# National Herf



## SlimDiesel (Apr 13, 2005)

A few people and myself were tossing around some ideas in the chatroom for a national herf. I know we cannot accommodate everybodies wishes here, but I think it would be a blast to get maybe 100+ gorillas in one place at one time. I'm thinking Las Vegas would be the best place for it. Eastcoasters and westcoasters will come to Vegas. I was also thinking make it Super Bowl weekend, what better weekend to spend in Vegas than for the Super Bowl. Since I am a complete noob around here and haven't even attended a herf yet, hopefully some of you wise old gorillas and all other knuckle draggers will throw in your two cents. Like I said, not everybody will be able to agree on it so my idea is just set a place and date and see who shows.


----------



## LasciviousXXX (Oct 12, 2004)

Great location Slim as Vegas totally rocks, however that is probably a bad weekend to have it on. Prices on hotels will be through the roof on Super Bowl Weekend. I was unlucky enough to be in Vegas this past SuperBowl Visiting family. Rooms were going for around $800 a night for standard Holiday Inn Type places. Probably should go with a different weekend as I don't think anyone will be getting a room at that price. 

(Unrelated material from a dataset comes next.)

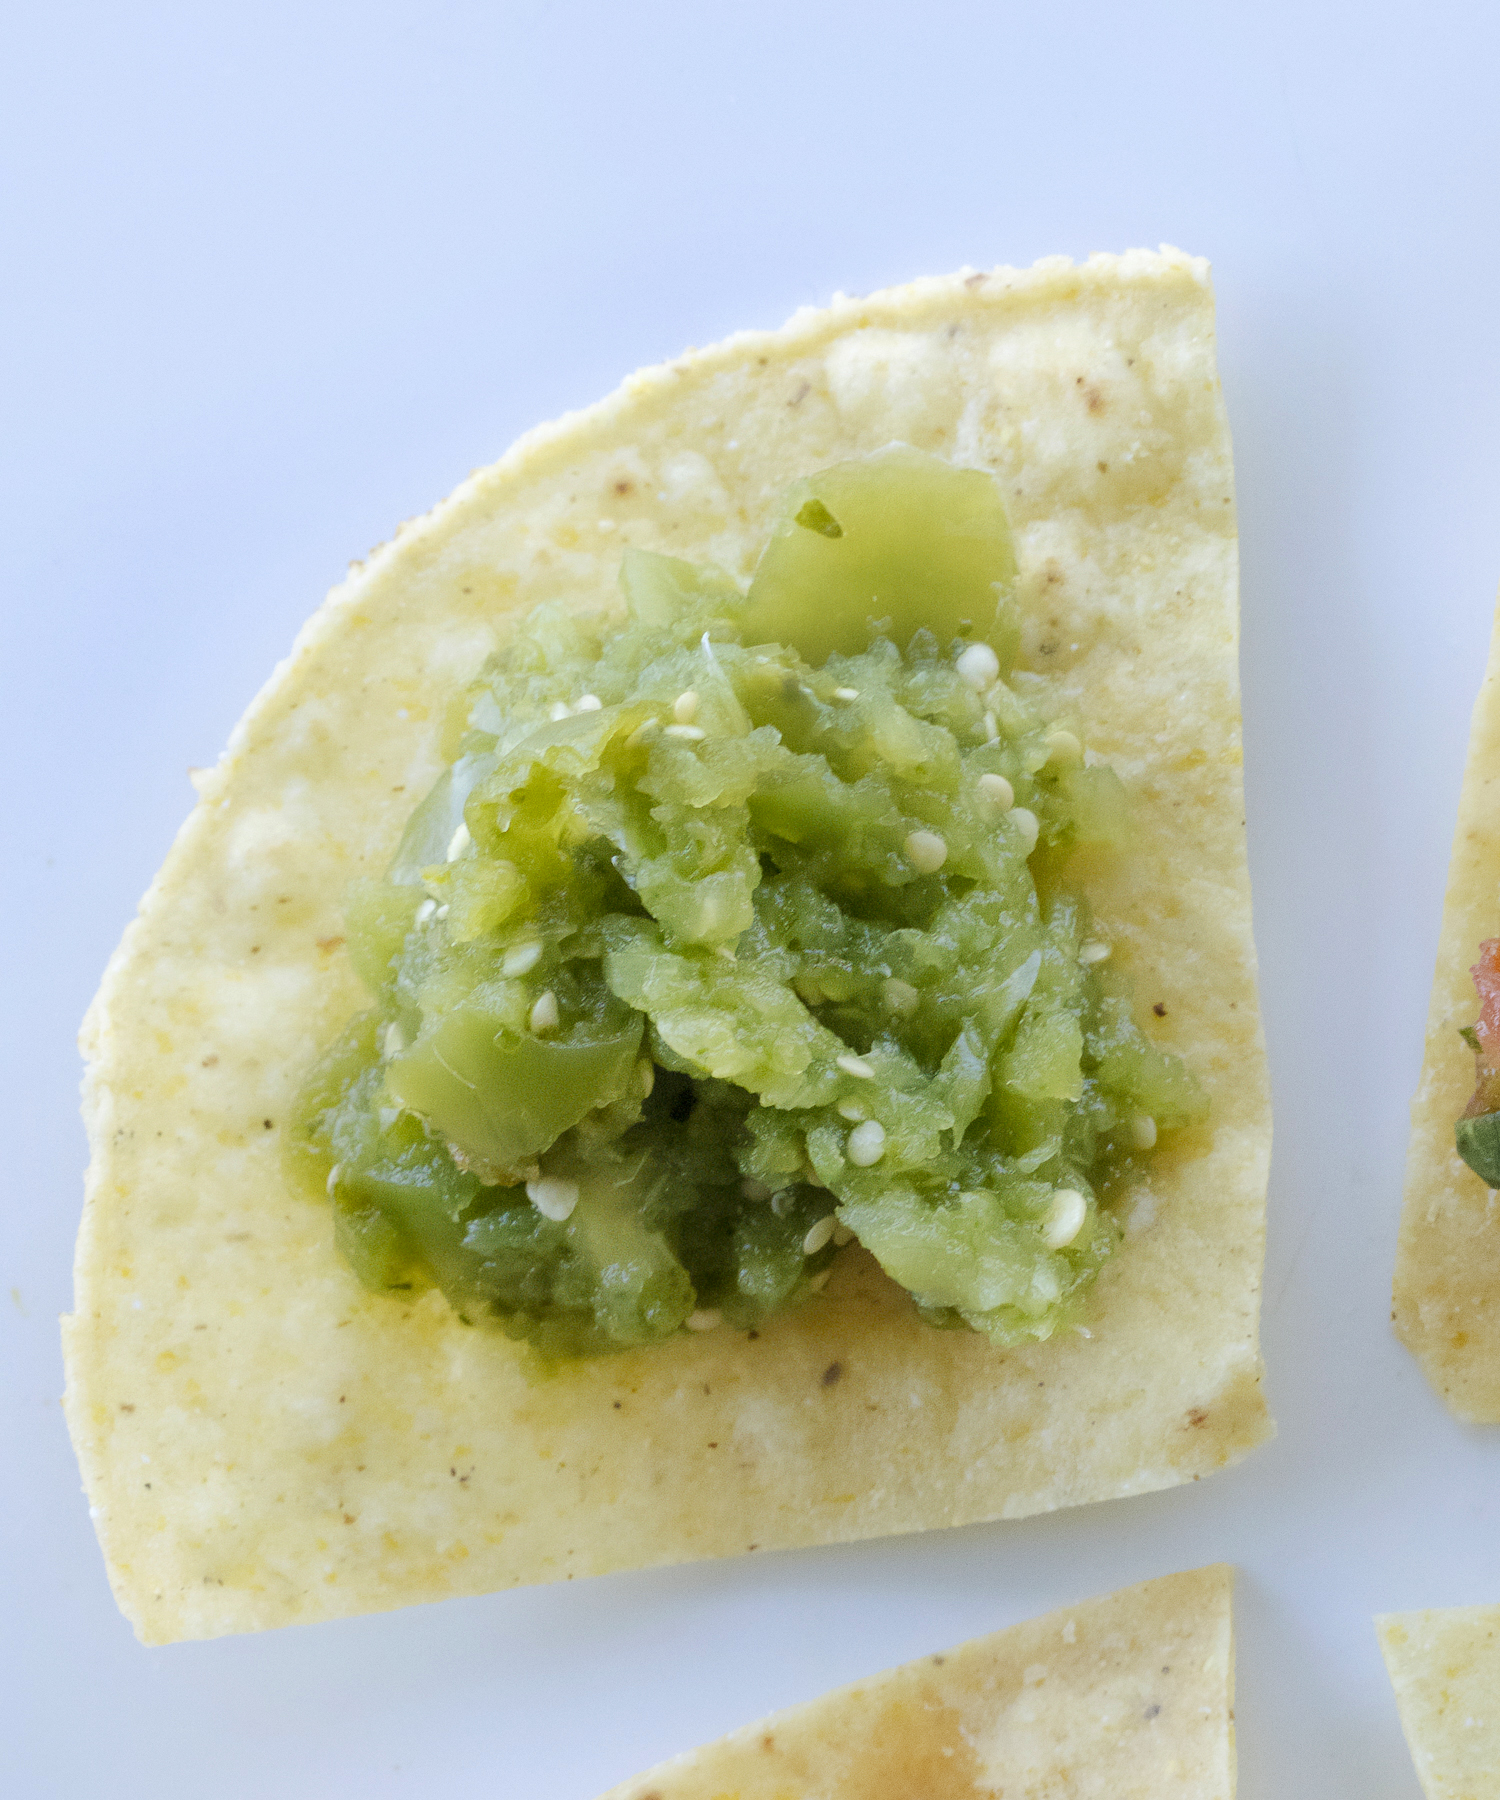 Green tomatillo salsa served on a corn tortillas chip on a bright white background

Also, on a HERF of this size, someone will need to secure a location (conference area, etc.) which costs money, you can't just have 100 Cigar smokers congregate in a bar, you need to secure a venue. Also HERFs of this size usually have some sort of sponsorship to help out with raffles/auctions/etc. There's a lot that goes into planning a HERF, especially one of this size. I recommend talking to either Poker or the Land of Lincoln guys as they throw some big HERF's..... they know all about this kind of stuff.


----------